Sconfitto il Manfredonia sul campo amico con il punteggio di 97-68

Il Cus Jonico
Il Cus Jonico

Vittoria doveva es­sere e vittoria è stata. Il Cus Jo­nico Basket Taranto non concede cali di concentrazione e batte la Silac Manfredonia 97-68 tornan­do così al successo al Palafiom, dopo l’unico scivolone stagiona­le, contro Molfetta, e soprattut­to confermando la maturità del grosso colpaccio a Monopoli del­la settimana scorsa. Partita domi­nata dai rossoblu dopo un primo quarto in cui la Giuseppe Angel ha giocato alla pari se non quasi meglio. Poi alla lunga la maggior qualità e profondità di Taranto sono venute fuori con i 20 punti di Dusels, 18 di un ottimo Di Dio­mede per un totale di 5 uomini in doppia cifra tra cui anche i 10 del giovane Cito in una serata che ha visto tutti i rossoblu a segno. Coach Olive recupera Grosso ma parte con Salerno in quintet­to insieme a Bricis, Longobardi, Dusels e Di Diomede. Risponde coach De Florio con il neo arriva­to Guadagnala, Gramazio, King­sley, Vorzillo, Kraljic. La Silac parte bene con la tripla di Vor­zillo. Ma Taranto mette le cose in chiaro piazzando un break di 8-0 con Dusels e Di Diomede.

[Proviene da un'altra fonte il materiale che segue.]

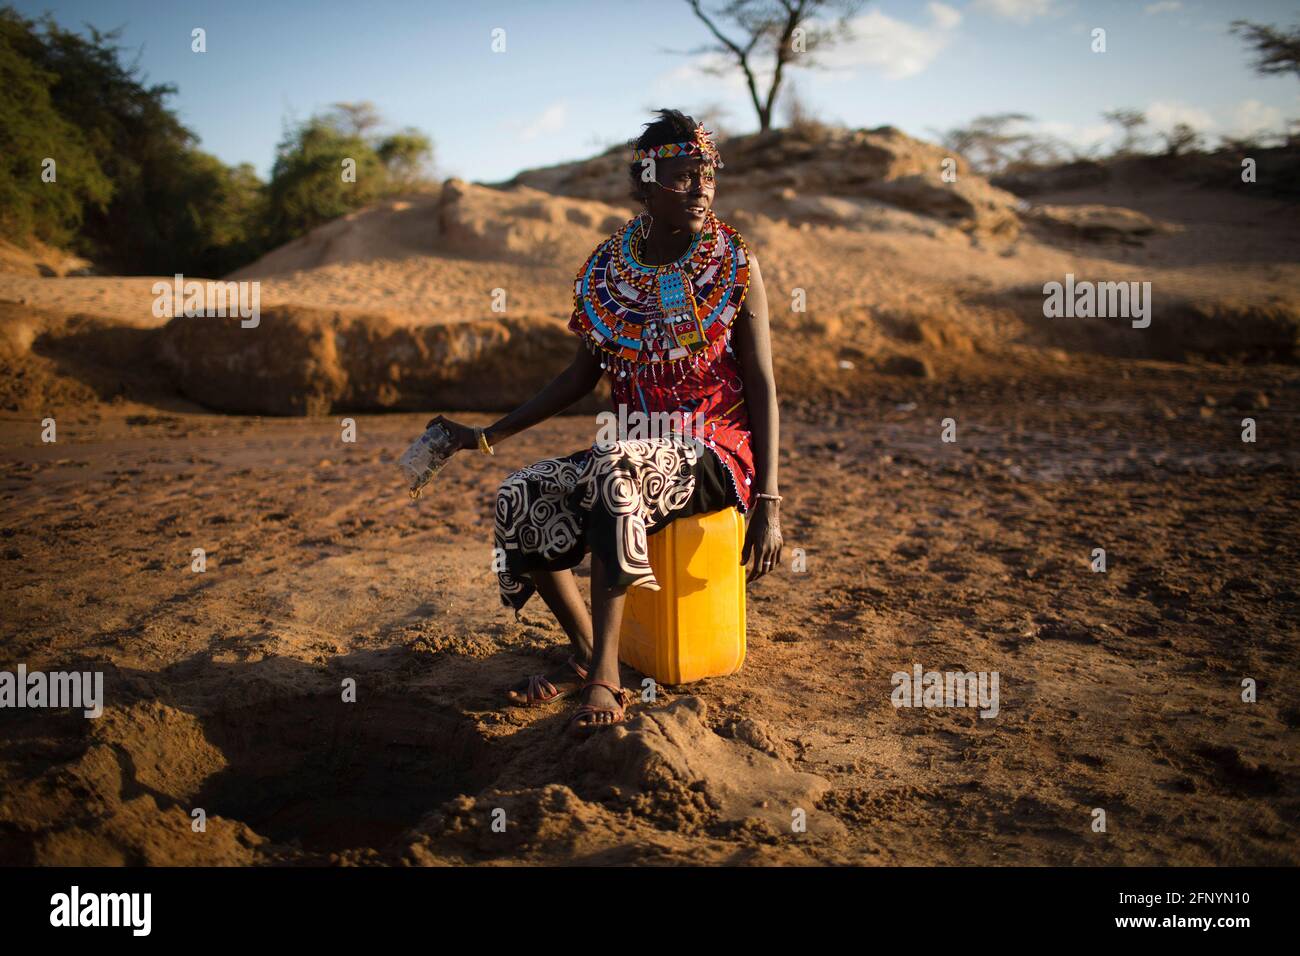 Le 19 février 2015, une femme recueille de l'eau filtrée nettoyée dans un trou creusé près d'une rivière près du village d'Umoja à Samburu, au Kenya. Banque D'Images

Gua­dagnola e Vorzillo non ci stanno e rimettono la partita sui binari della parità con Ferretti che firma il sorpasso, 11-12 e addirittura la premiata ditta Guadagnola-Vor­zillo che mettono le ali al pun­teggio ospite, 11-17 con contro­break di 14-3. Coach Olive butta dentro Pannella, subito tripla per l’ala grande tarantina; i liberi di Bricis valgono il nuovo pari ma la tripla di Kraljic allo scadere la­scia avanti Manfredonia al primo quarto, 19-20. Nel secondo quar­to coach Olive si affida ancora alla panchina, c’è il giovane un­der francavillese Cito in campo. Che ripaga la fiducia oltre ogni aspettativa: tre canestri in fila con tripla incorporata. Dusels, Bricis e un ispirato Longobardi fanno il resto, Taranto ribalta la partita con un altro parziale di 16-5 per il 35-25. La tripla di Alvisi suo­na un po’ come il canto del cigno per Manfredonia perché oramai Taranto è in ritmo, difensivo e of­fensivo e si vede. Dusels e Bricis alzano la qualità dei loro attac­chi, e in pochi possessi confezio­nano il +16. Guadagnola ci mette anima e cuore, anche troppo ma ci pensa la tripla di Salerno a spe­gnere i bollenti spiriti, è +20, 54-34 all’intervallo.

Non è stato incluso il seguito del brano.